Литмир - Электронная Библиотека
Содержание  
A
A

Это написано, по-видимому, осенью 1828 года…

Можно согласиться с Л. Андреевской и посчитать вместе с ней, что в поэме «Бал» Боратынский с непринуждённостью преодолел Пушкина с Байроном, взяв у них то, что ему годилось, и преобразовав это в совершенно иное — по духу в своё, собственное. Однако, если вспомнить, что мамушка была у всякой светской барышни, а демонический характер выдумал отнюдь не Байрон, а создала как модное явление тогдашняя эпоха, то ясно представляешь, что всё это вполне можно было позаимствовать у самой жизни.

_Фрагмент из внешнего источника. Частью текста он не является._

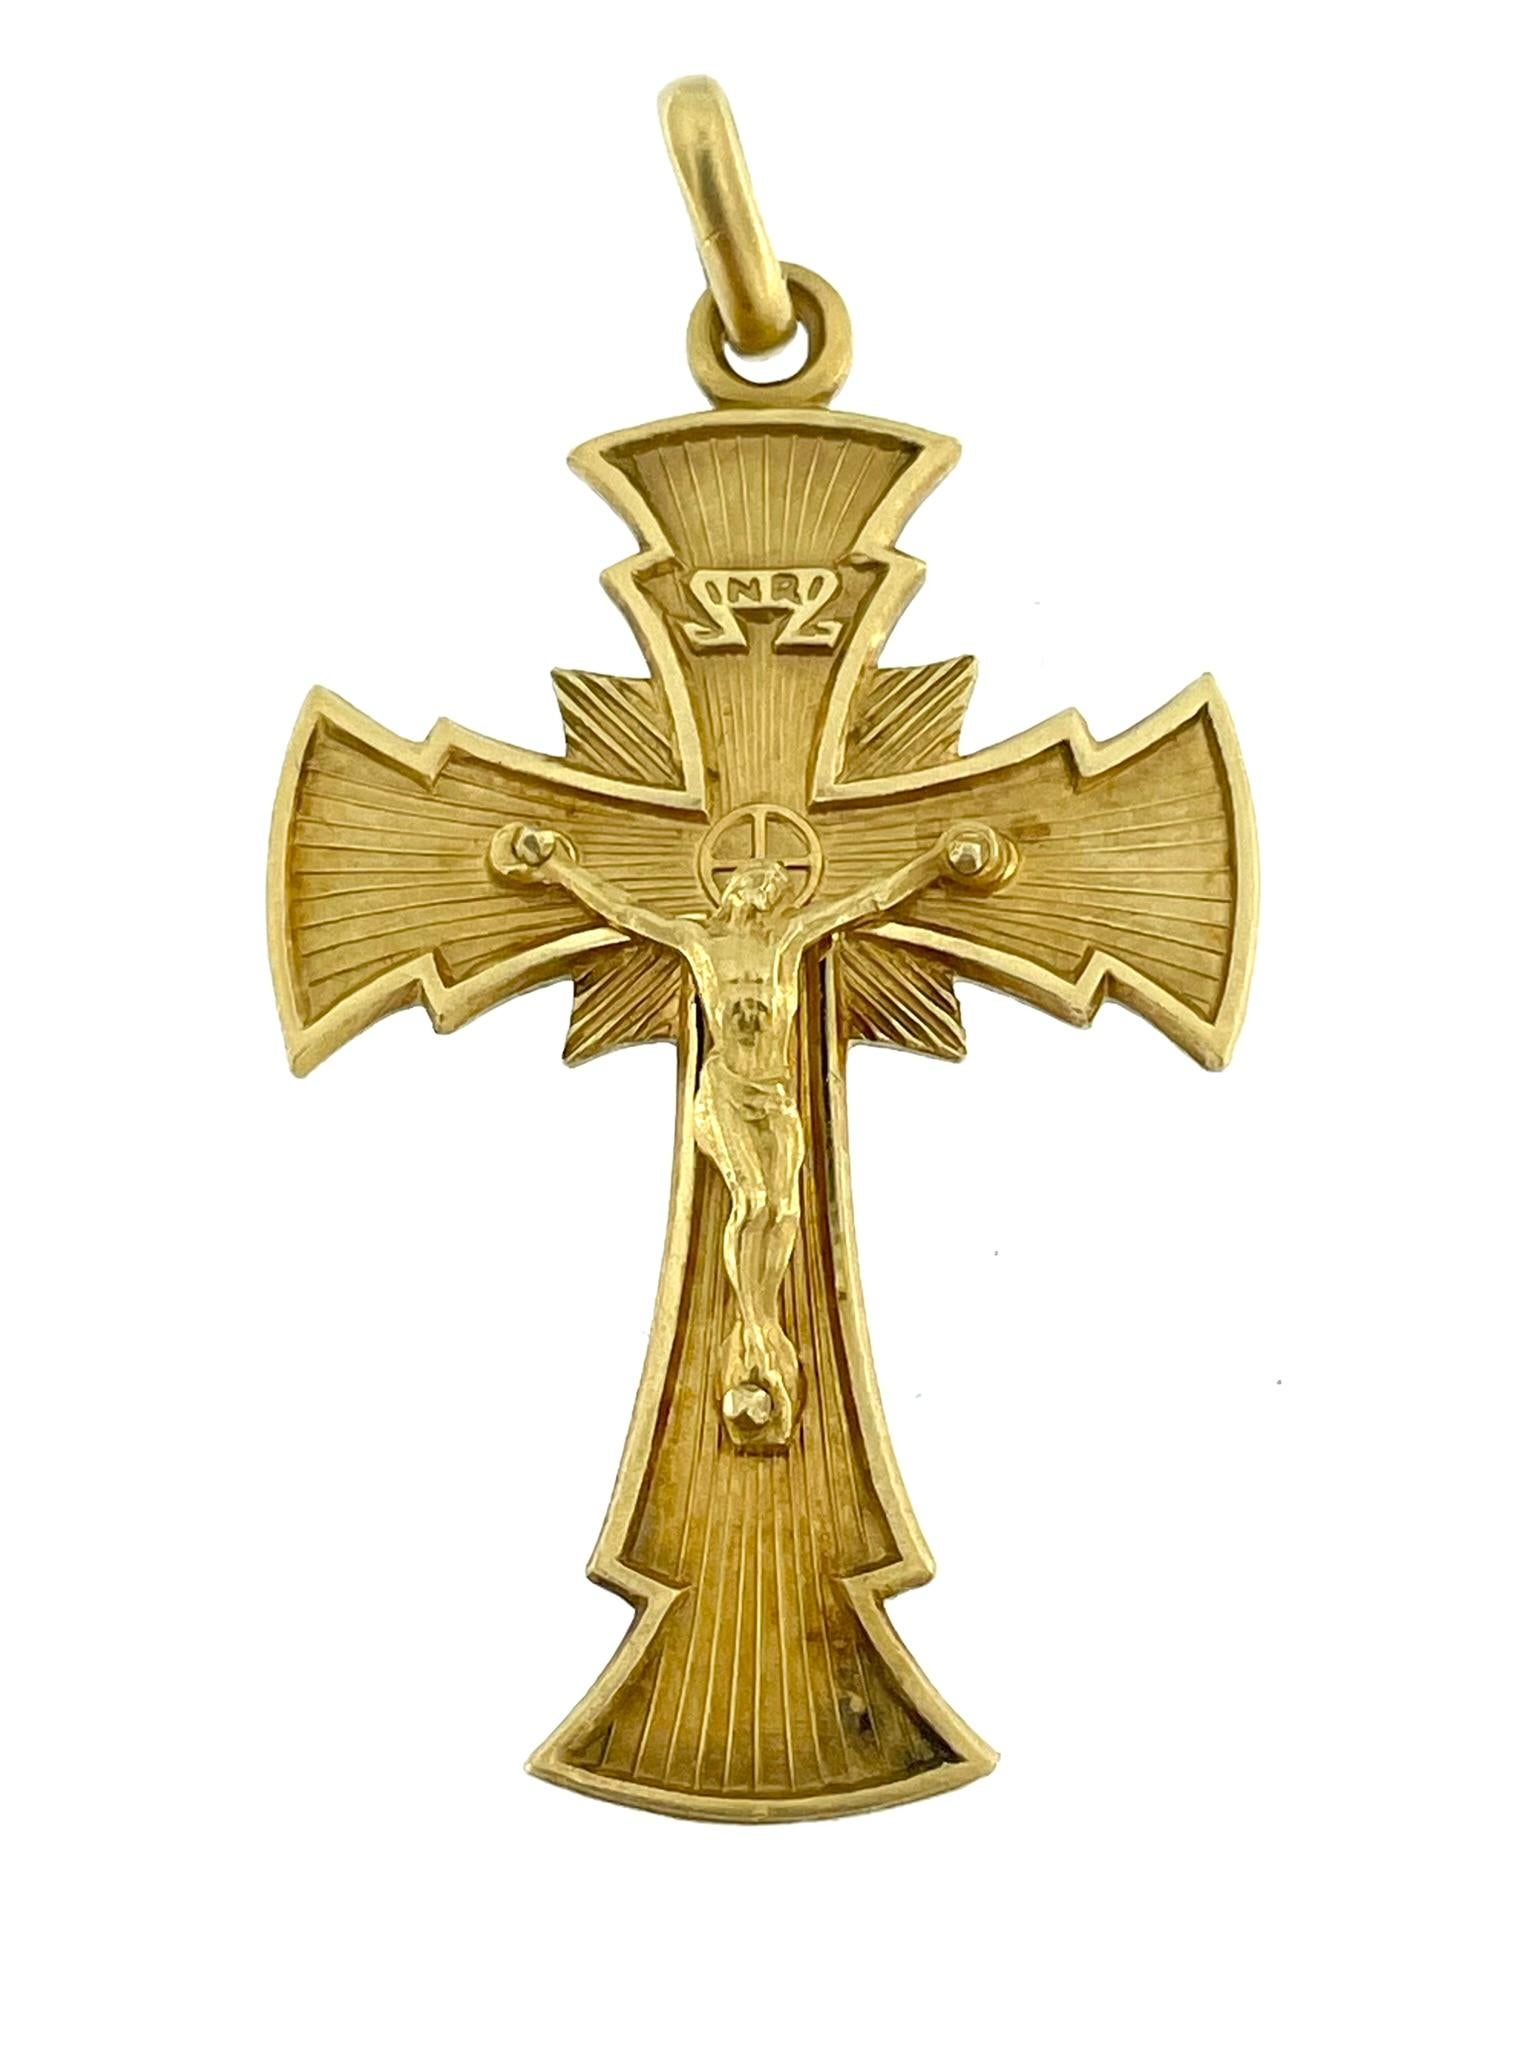 The Hand-Made Italian Crucifix in 18-karat yellow gold is a stunning testament to both craftsmanship and spirituality. The intricate design includes exquisite relief work, elevating it to a level of artistic sophistication. Each detail is carefully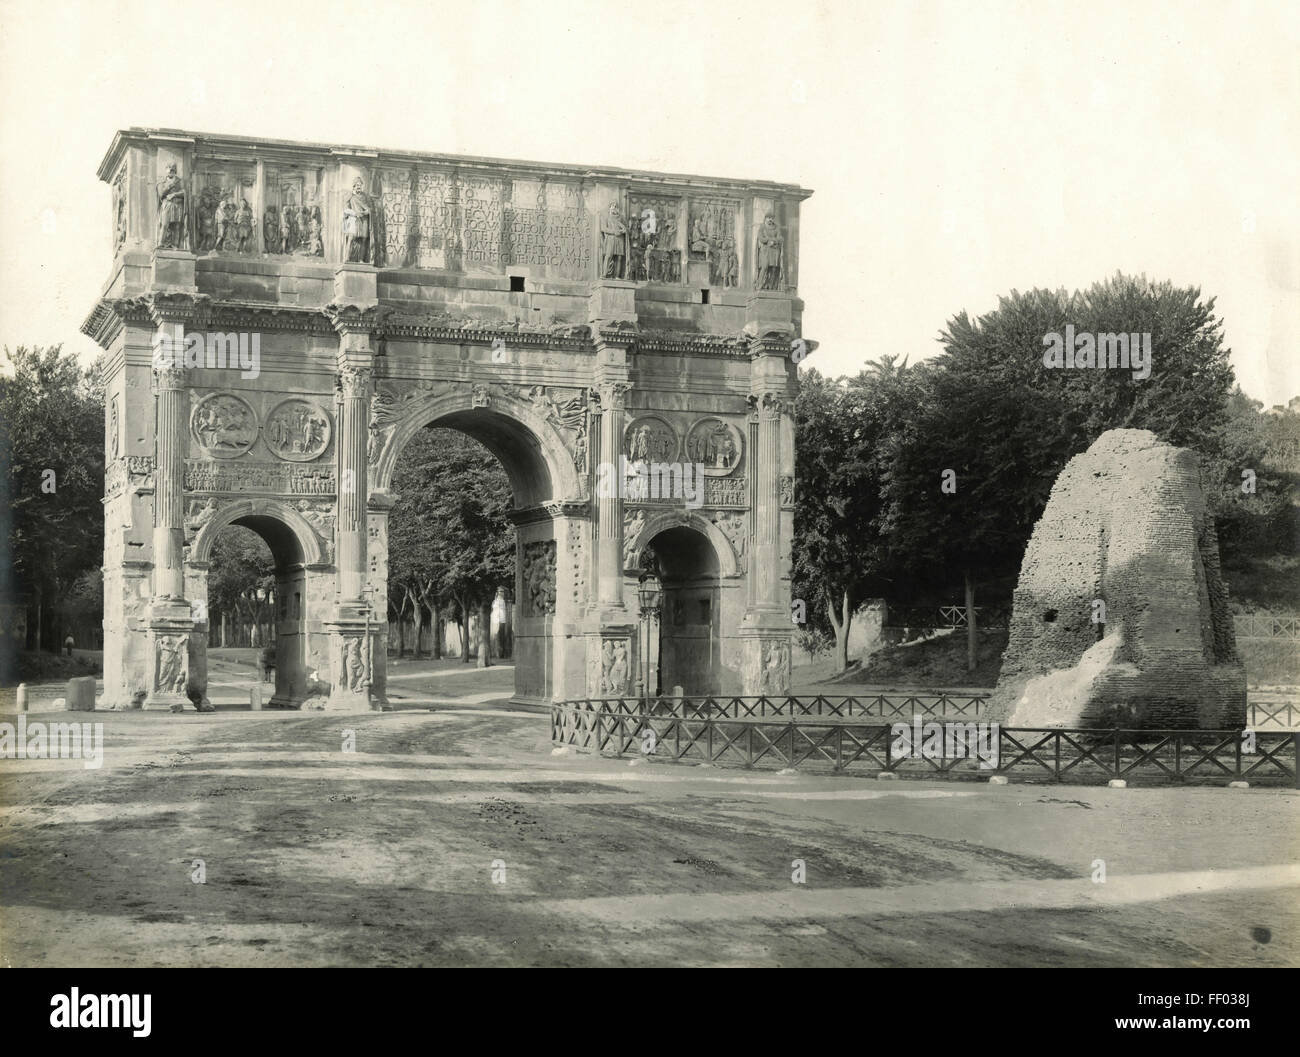 Arch of Constantine and Meta Sudans, Rome, Italy Stock Photo - Alamy

Боратынский, разумеется, прекрасно понимал, что читатель скоропалительный в первую очередь увидит то, что лежит на поверхности и без раздумия припишет ему подражательство. Но не это по-настоящему заботило его, когда он преодолевал Пушкина с Байроном в эпическом жанре. Самобытность поэта, неповторимое своеобразие в творчестве — вот что занимало поэта всерьёз, когда он почувствовал, что его первый век, век младой, безвозвратно отжит. Недаром именно этой теме он посвятил, в переходное для себя время, сразу несколько стихотворений.

Не подражай: своеобразен гений
И собственным величием велик;
Доратов ли, Шекспиров ли двойник,
Досаден ты: не любят повторений.
С Израилем певцу один закон:
Да не творит себе кумира он!
Когда тебя, Мицкевич вдохновенный,
Я застаю у Байроновых ног,
Я думаю: поклонник униже́нный!
Восстань, восстань и вспомни: сам ты бог!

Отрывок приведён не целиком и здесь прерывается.